Сохранившиеся барельефы повествовали о принадлежности зданий. Рыбы, затейливо окаймленные растениями, указывали лавку торговца рыбой. Сочные, рельефные в лунном свете яблоки, виноград, дыни украшали дом торговца фруктами и овощами. На длинной стене здания общественного надзора (?) скульптор изобразил группу людей с поднятыми руками и одного оратора с открытым ртом. Вот, оказывается, какие они были — атлантидцы: глаза умные, лбы высокие, плечи широкие, осанка у всех величественная.
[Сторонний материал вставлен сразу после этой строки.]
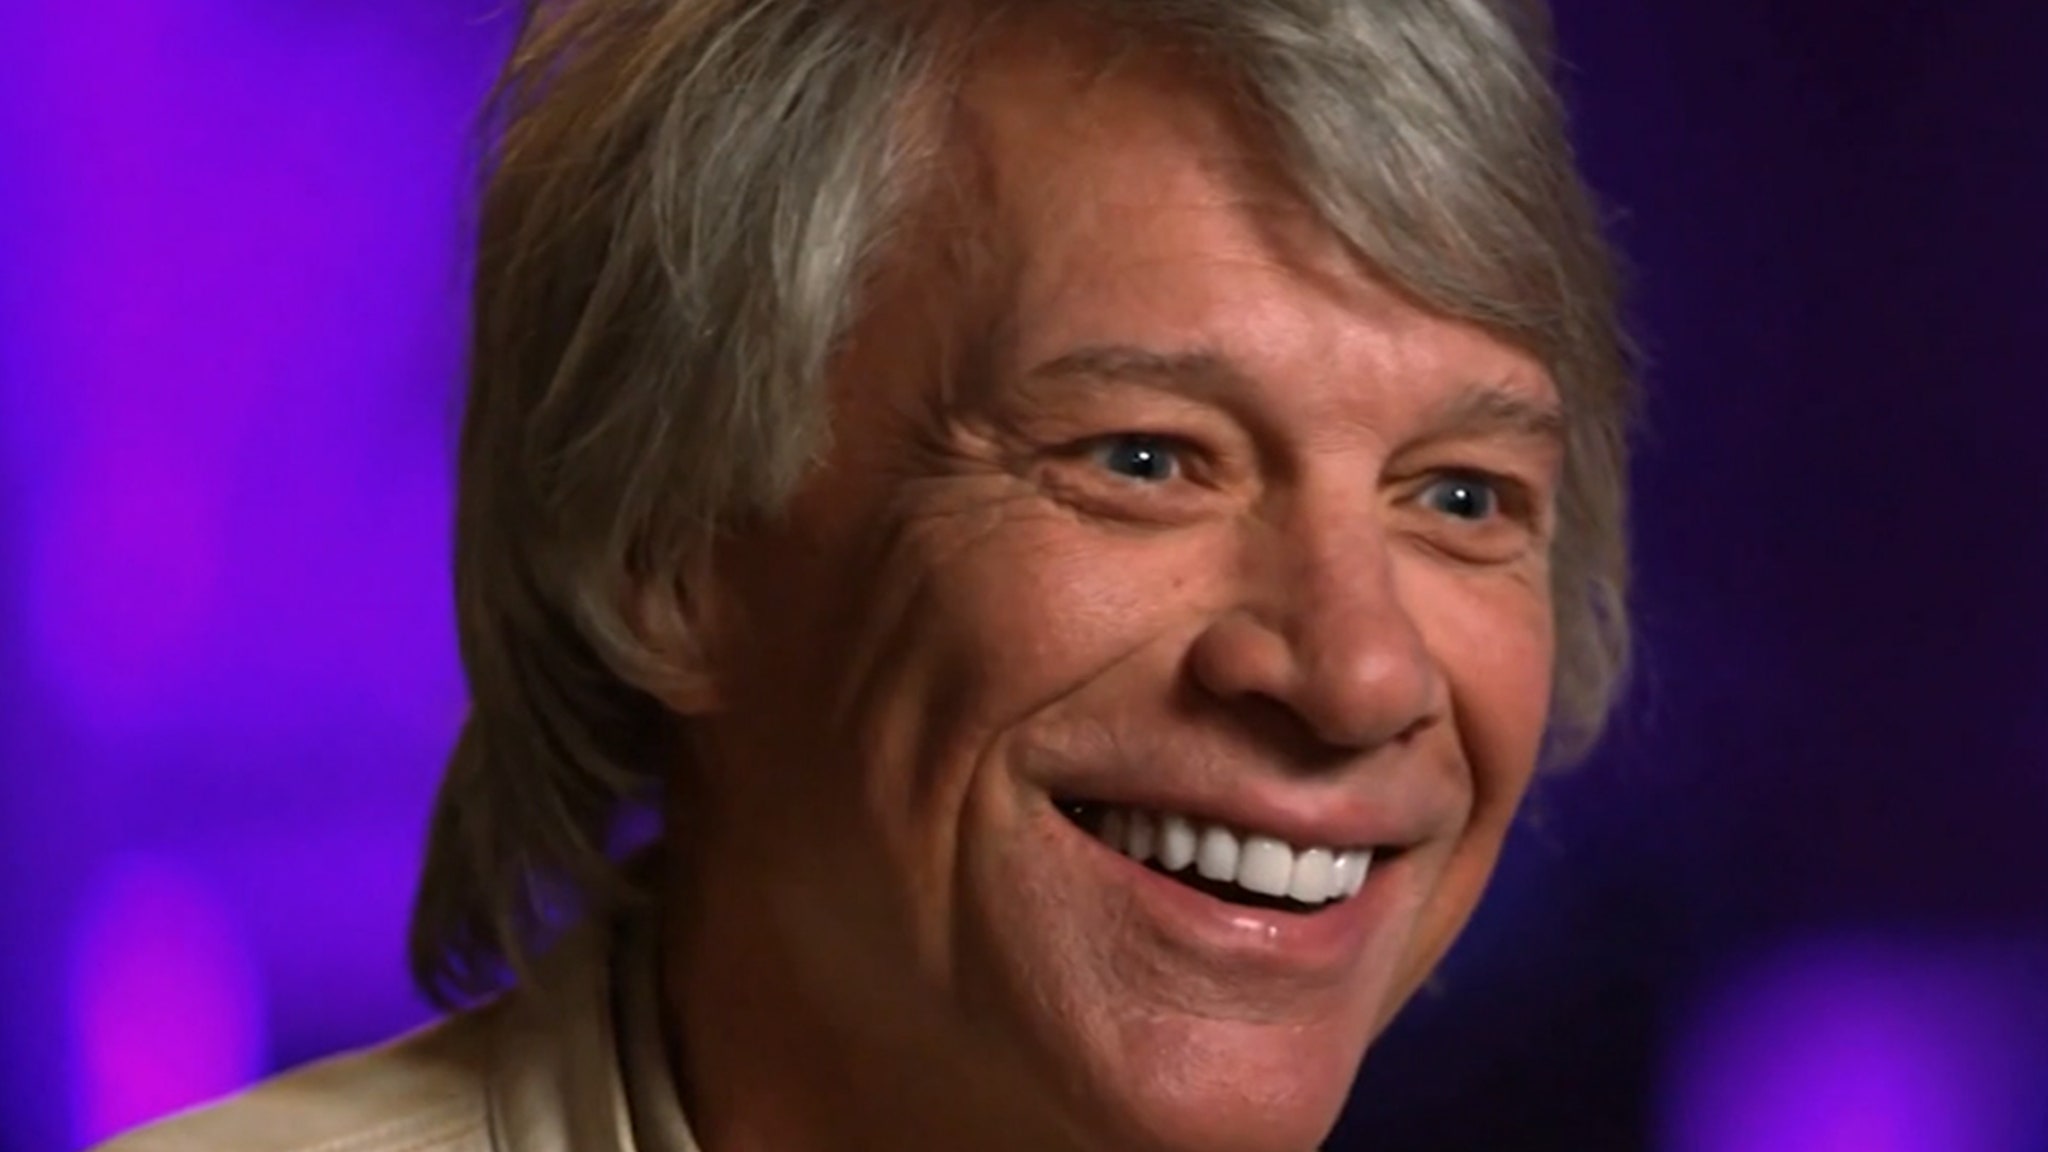 Jon Bon Jovi Says He ‘Got Away With Murder’ During Early Rockstar Days

В торжественном молчании стояли люди XX века перед изображением людей века давнего. Вот именно такими Наде и представлялись всегда настоящие люди: красивыми, загадочными! Когда она пошла в детский сад, думала, что встретит настоящих людей там; потом, когда пошла в школу, надеялась встретить их в школе; потом — в институте… А они вон где — в Атлантиде! И не будут, а были толщу лет назад!
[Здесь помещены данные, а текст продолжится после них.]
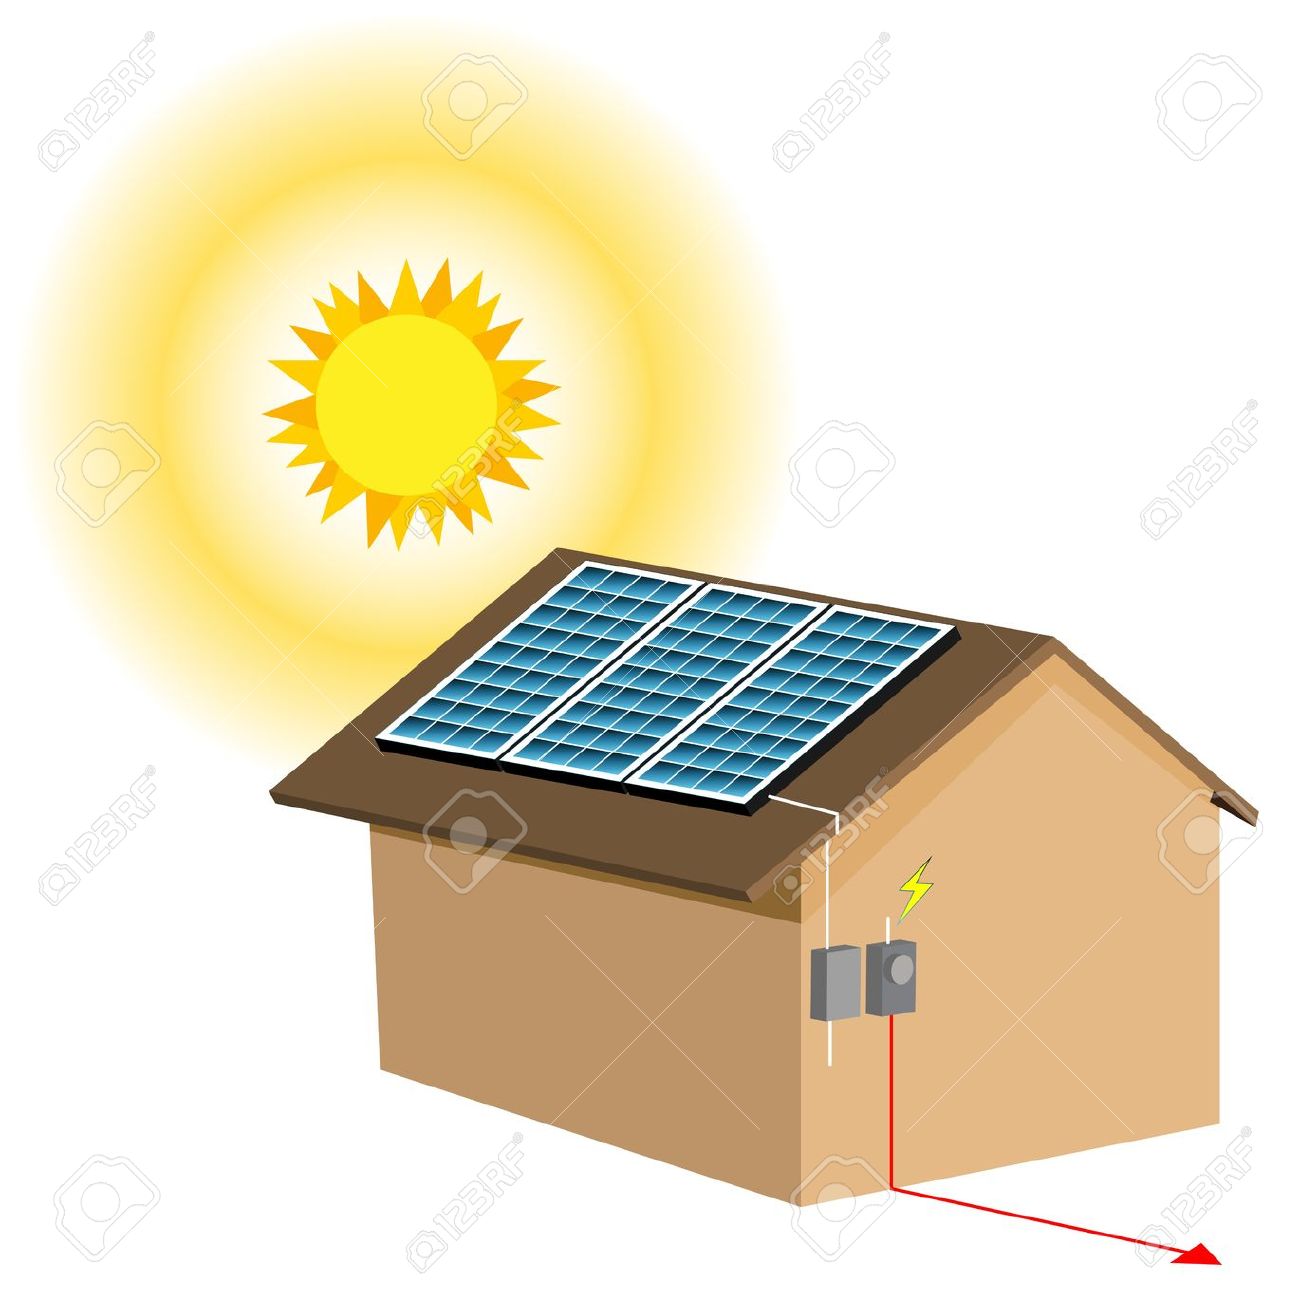 Solar panel clipart - Clipground

Еле оторвала Надя глаза от барельефа, изъеденного ветрами, водой и временем. И в самый последний момент ей даже почудилось, что вон та щербинка и прилипшая сверху ракушка — это она, Надя… Там, в кругу достойных…
— Пойдемте, друзья, дальше, — напомнил Померанцев. Его что-то томило, так бывает: тревога, предчувствие и хочется поскорее узнать, что же тебя ждет?
— Пойдемте, — согласилась Надя нехотя и уже по пути все оглядывалась, оглядывалась… Да разве что увидишь в ночной тьме? Только то, что нарисует воображение.
Вскоре они вышли на площадь…
Странная она была и даже в своей руинности — значительная. Строения, образующие ее, были выше и, судя по отдельным сохранившимся элементам, — богаче. Сама площадь выложена большими плитами, а в центре возвышался монумент или памятник. Путники подошли ближе. Сооружение состояло из людских фигур, расположенных пирамидой: в основании были изображения старых людей (совсем дряхлые из них походили на корни дерева), выше, на плечах друг у друга, располагались более молодые, и уже на самом верху — юноша и девушка трепетно держали на руках голенького младенца, тянущего ручонки в небо, к звездам…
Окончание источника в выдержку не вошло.